France

«L'un de nous deux», miroir d'outre-tombe

Temps de lecture : 2 min

En imaginant un dialogue entre Blum et Mandel, le livre de l'historien Jean-Noël Jeanneney rappelle toute la noblesse de la politique, d'hier et d'aujourd'hui.

Ces deux hommes ont été retenus ensemble pendant 14 mois. Le 28 juin 1944, la résistance assassine Philippe Henriot, le ministre de l'information de Vichy. Quand Blum et Mandel l'apprennent, dans leur geôle, ils comprennent, en même temps, que l'un d'eux sera renvoyé en France et certainement exécuté en représailles. Ce sera finalement Mandel, tué par la milice le 7 juillet dans une forêt française. Ces faits sont historiques.

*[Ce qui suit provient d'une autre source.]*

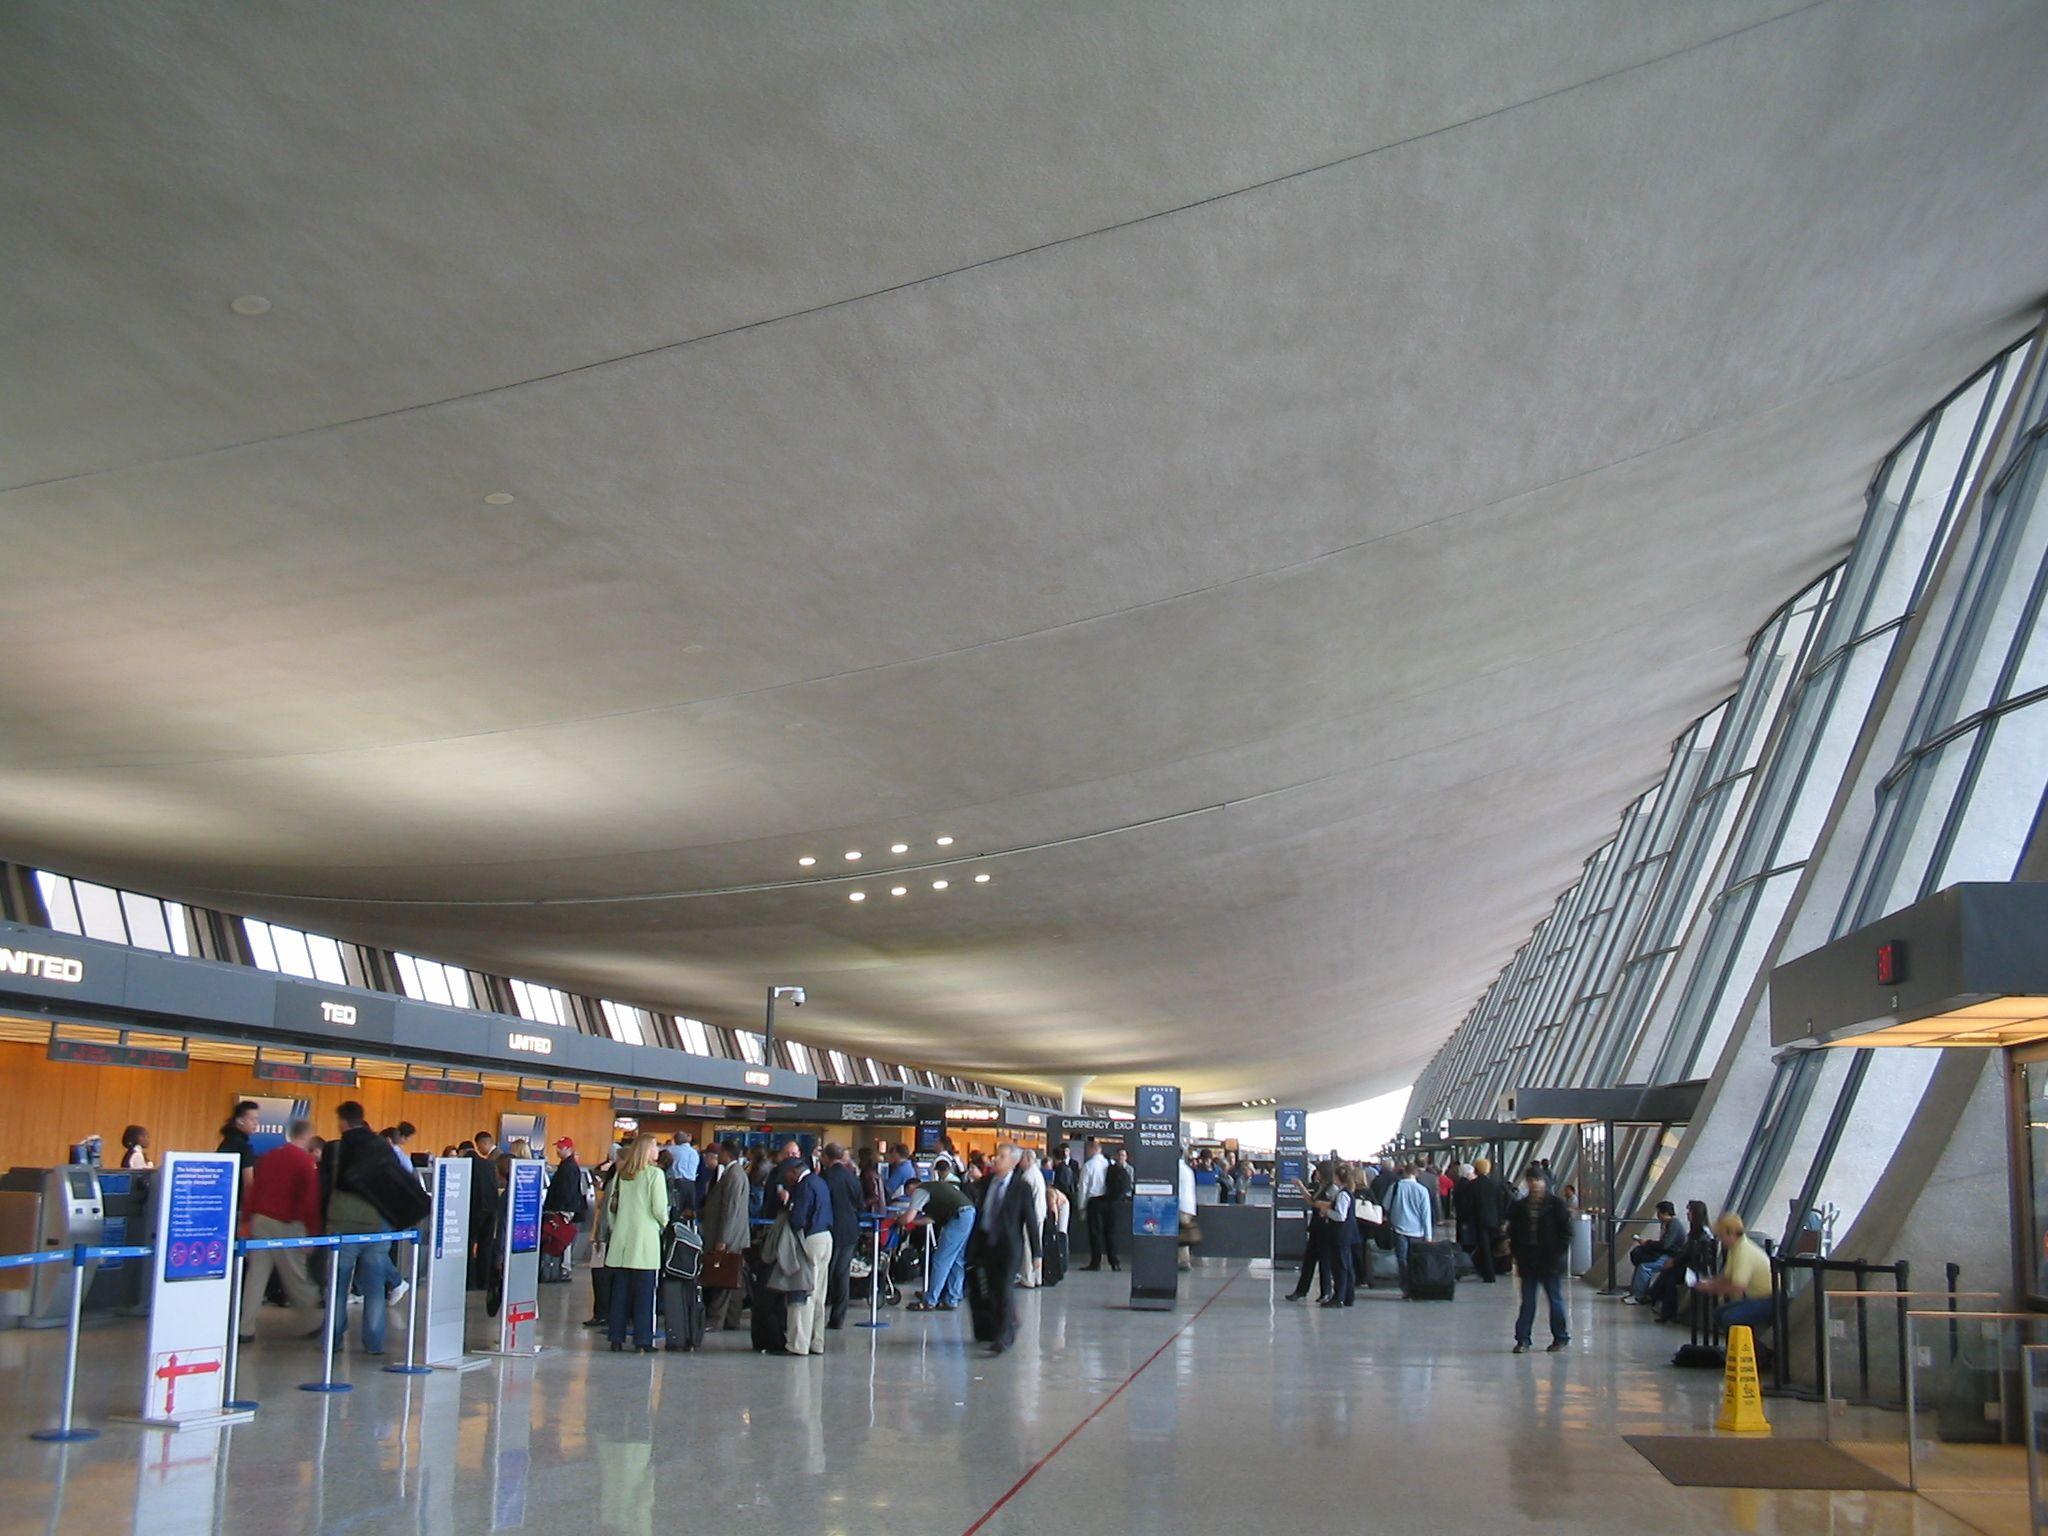 Washington Dulles International Airport Wikipedia, the

La pièce de Jeanneney se déroule durant les quelques heures avant et après l'assassinat d'Henriot et recrée un dialogue qui aurait pu exister, qui a du exister, avec d'autres mots certainement, mais qui correspond à la personnalité de ces deux grands républicains. L'immense connaissance de la biographie de ces deux hommes dont l'historien Jeanneney est le spécialiste fournit un huis clos hyper réaliste ou se mêlent tous ce dont est fait la politique: l'anecdotique, le calcul tacticien mais aussi l'altruisme et les hautes aspirations.

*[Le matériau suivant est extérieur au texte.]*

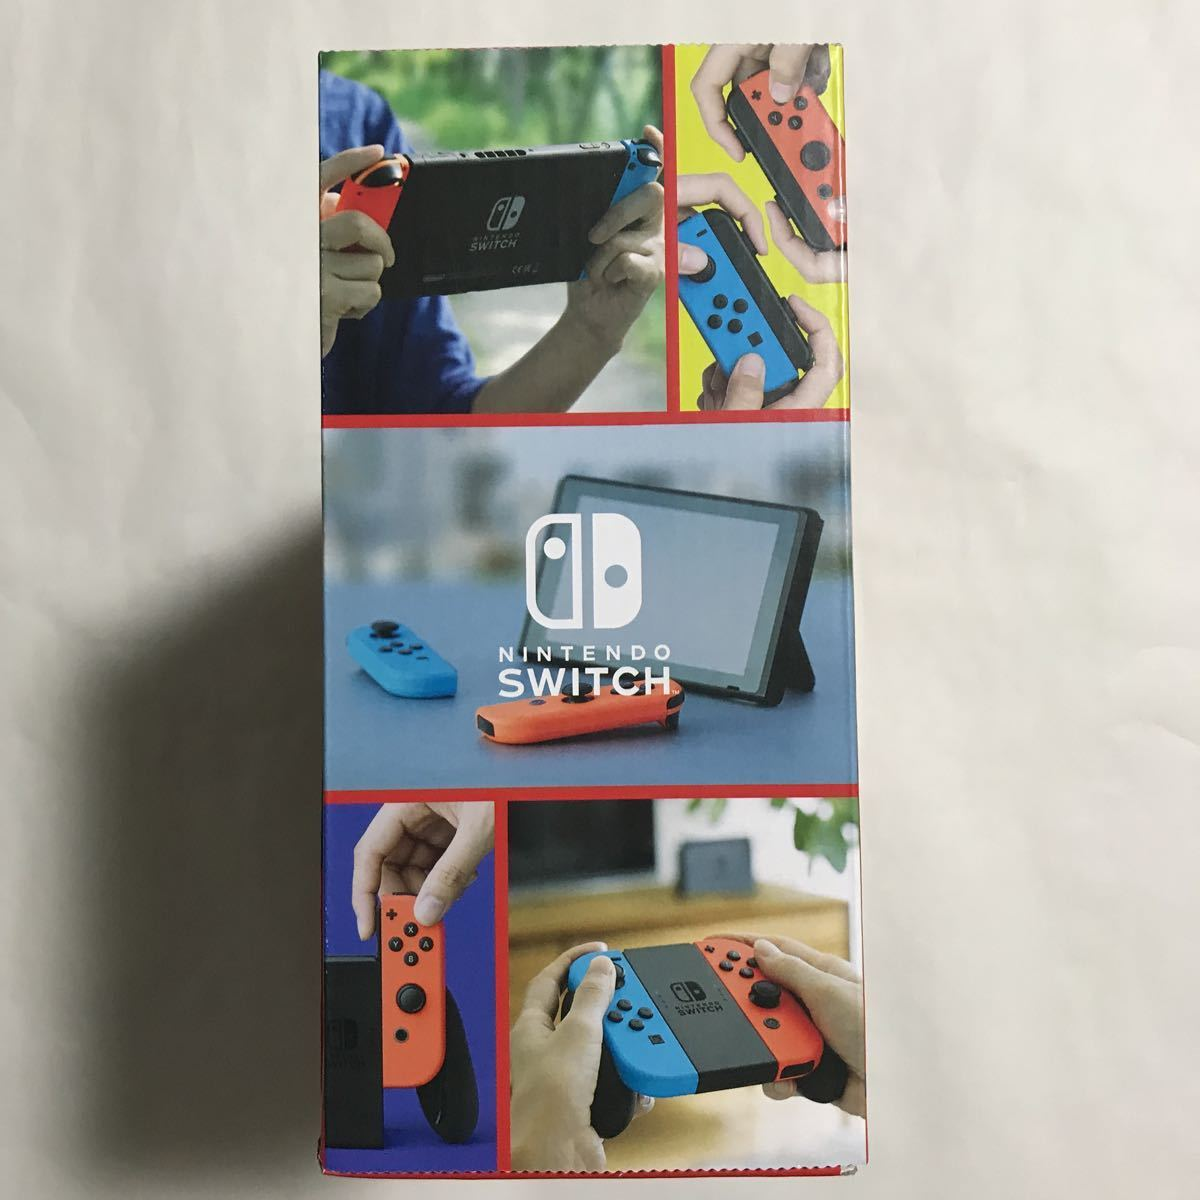 Nintendo Switch本体Joy-Con(L)ネオンブルー/(R)ネオンレッド新型 おまけ付 [新品未開封] 送料無料 ニンテンドースイッチ本体 任天堂 _画像7

Il nous parle de trois époques. Celle où se consolide, où se cristallise la République française, c'est-à-dire la Troisième République à travers un dialogue Jaurès-Clemenceau, références tutélaires et maîtres à penser des deux prisonniers. Jeanneney fait parler Blum et Mandel qui font parler Jaurès et Clemenceau dans un dialogue en forme de poupées russes. On y évoque les couples infernaux que sont l'ordre et la liberté, la responsabilité personnelle ou collective.

Deuxième époque: la guerre, puisque les deux protagonistes en sont des acteurs... C'est celle des choix dramatiques, d'une certaine définition de l'identité, non pas nationale mais française pour ces deux hommes politiques juifs, qui justement n'avaient pas rejoint Londres pour ne pas qu'on les accuse de désertions et pour désamorcer le qualificatif d'apatride...

La teneur souvent philosophique et dramatique du dialogue entre deux hommes qui savent que l'un d'eux va certainement bientôt mourir semble à mille lieues de la politique d'aujourd'hui (troisième époque). Les temps étaient épiques et les choix engageaient les vies mais, en même temps, sont débattus entre ces deux hommes des notions presque éternelles de la politique qui nous ramènent à nos jours: le courage intellectuel, les limites de la fidélité, le rapport entre le discours et l'action, faut-il être pessimiste ou optimiste pour agir? Vaut-il mieux pêcher par excès de confiance ou par excès de défiance? Tout est-il politique ?... On y parle des rapports de servilité ou de courtisanerie dans les sphères du pouvoir. Il y a même la question de la communication politique. Blum reproche à Mandel d'être allé, en tant que ministre des Postes, avec des journalistes dans des bureaux de postes pour surprendre des employés en flagrant délit de fainéantise.

Démagogie dit Blum, bonne communication, répond Mandel... Même dans les moments les plus tragiques, deux hommes politiques peuvent quitter les hauteurs de la réflexion pour parler stratégie et communication.

«L'un de nous deux» est un livre politique rare et riche.